In 2015, Dr. John Kibosia, CEO of Kenya's second largest national hospital (Moi Teaching Referral), said the new facility will be the only one of its kind in the East & Central African region. "It will be another milestone for the hospital and the health sector in the country." The project is expected to cost, at the final completion, Two billion Kenya shillings Link
Moi Teaching and Referral Hospital, Kenya's second largest national hospital governs the Shoe4Africa Children's Hospital, that is built within its government grounds.

On January, 7th 2016, Toby Tanser (Shoe4Africa CEO) and Dr. Wilson Aruasa (MTRH CEO) laid the foundation stone for the 'Eat & Run' kitchen. The new, dedicated kitchen facility is located next to the Shoe4Africa Children's Hospital and provides child-friendly nutrition for malnourished patients of the hospital. Funding for the kitchen was secured by the German chapter of Shoe4Africa through a charity run of 500 school kids of the Grandlschule (Grandlschule), a primary school based in Munich, Germany.
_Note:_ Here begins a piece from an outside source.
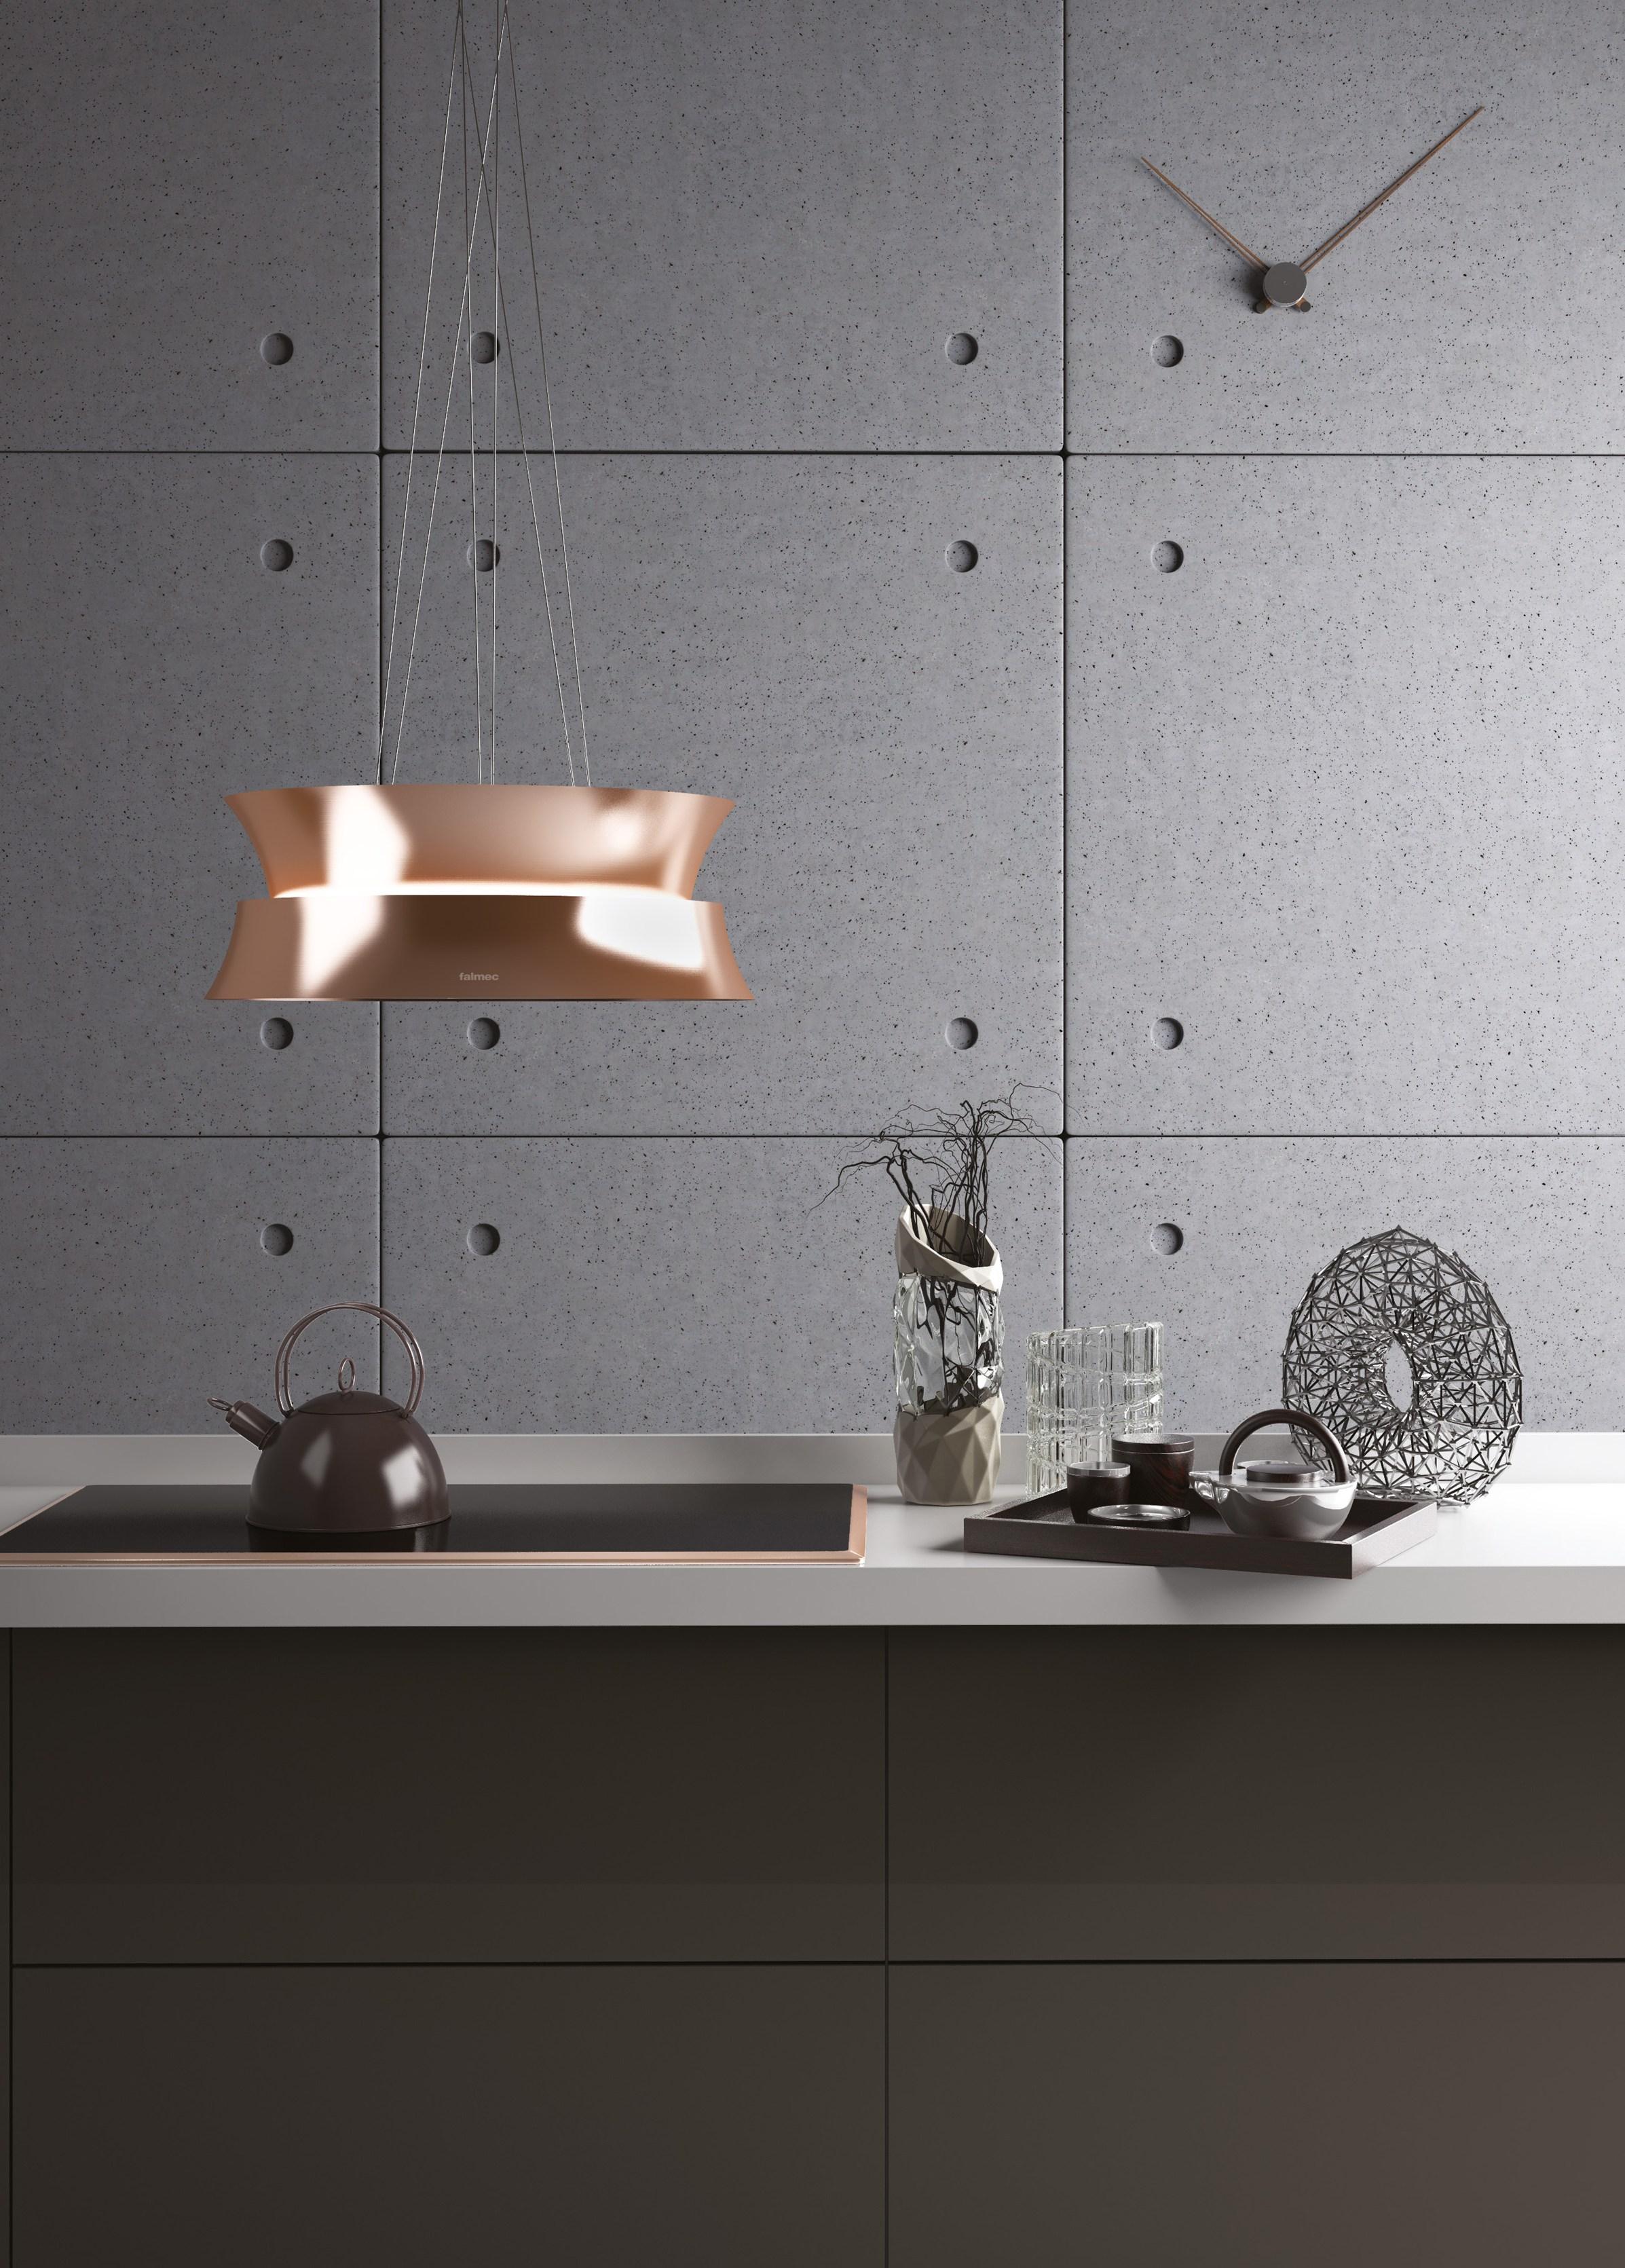 hotte falmec dama2260 pas cher. Black Bedroom Furniture Sets. Home Design Ideas

In the Summer of 2017, annexed buildings were constructed to alleviate the overflowing hospital.  The first to be used as Immunization Center for healthy children and HIV patients, the second as a large play room to complement the four interior playrooms.  In 2018 a basketball court was added, and opened by the world record holder in the marathon, Mary Keitany, servicing the patients and the medical school students.  The charity announced that a soccer pitch would be the next edition to help kids rehabilitate and in May 2019, the men's marathon world record holder, Eliud Kipchoge, opened the astro-turf soccer pitch. Later in the year the Kuunga Mkono classrooms were added to the hospital so that the children won't fall behind in education whilst hospitalized, making the institution the first hospital in Africa to have annexed children's classrooms inside its seven acre complex.

Addressing the rising cases of pediatric cancer in the sub-Sahara, Shoe4Africa's founder, Toby Tanser, decided in 2019 to construct a 152-bed pediatric cancer hospital next door to the children's facility to be named The Shoe4Africa Juli Anne Perry Children's Cancer Hospital. “Shoe4Africa, is self-sufficient, providing multi-specialty services to pediatrics,” explained Dr. Mandi, a paediatric gastrologist adding that “pediatric cancer has become a major problem” and that a new center would improve on the solitary 30-bed ward space that exists inside the general children's hospital today.

On December the 24th, 2021, Paula Radcliffe joined a host of Kenyan runners to run from the Equator to the Shoe4Africa Children's Hospital to break ground in the next field where sub-Saharan Africa's 1st children's cancer hospital with be erected.  Isla Lough, Paula's 14-year-old daughter and a cancer survivor, threw the first shovel alongside a Kenyan girl, Sharon, into the ground watched by a host of Olympians and the 'father' of Kenyan running, Kipchoge Keino.

In 2022, Shoe4Africa celebrated treating its millionth patient. The 2022 London Marathon winner Amos Kipruto, The 2022 Boston and 2022 New York Marathon winner Evans Chebet, and the 2022 Chicago Marathon winner Benson Kipruto, gathered with 20 other elite athletes from the 2Running club to celebrate the milestone with the children.

Aces for Africa 
Aces for Africa is a charity tennis tournament to benefit the Shoe4Africa Hospital founded by Zeynep Inanli and David Siegel in 2016. The inaugural competition was held in May 2016 at the CityView venue on Long Island, New York.  Whitney Tilson and Harel Srugo, a former Israeli Davis Cup player, defeated Ron Sussman and Jonas Mouly in the finals. In 2017 Sussman and Mouly took revenge winning the title beating Steve Sussman and Robert Jendelund, a former pro player from Sweden.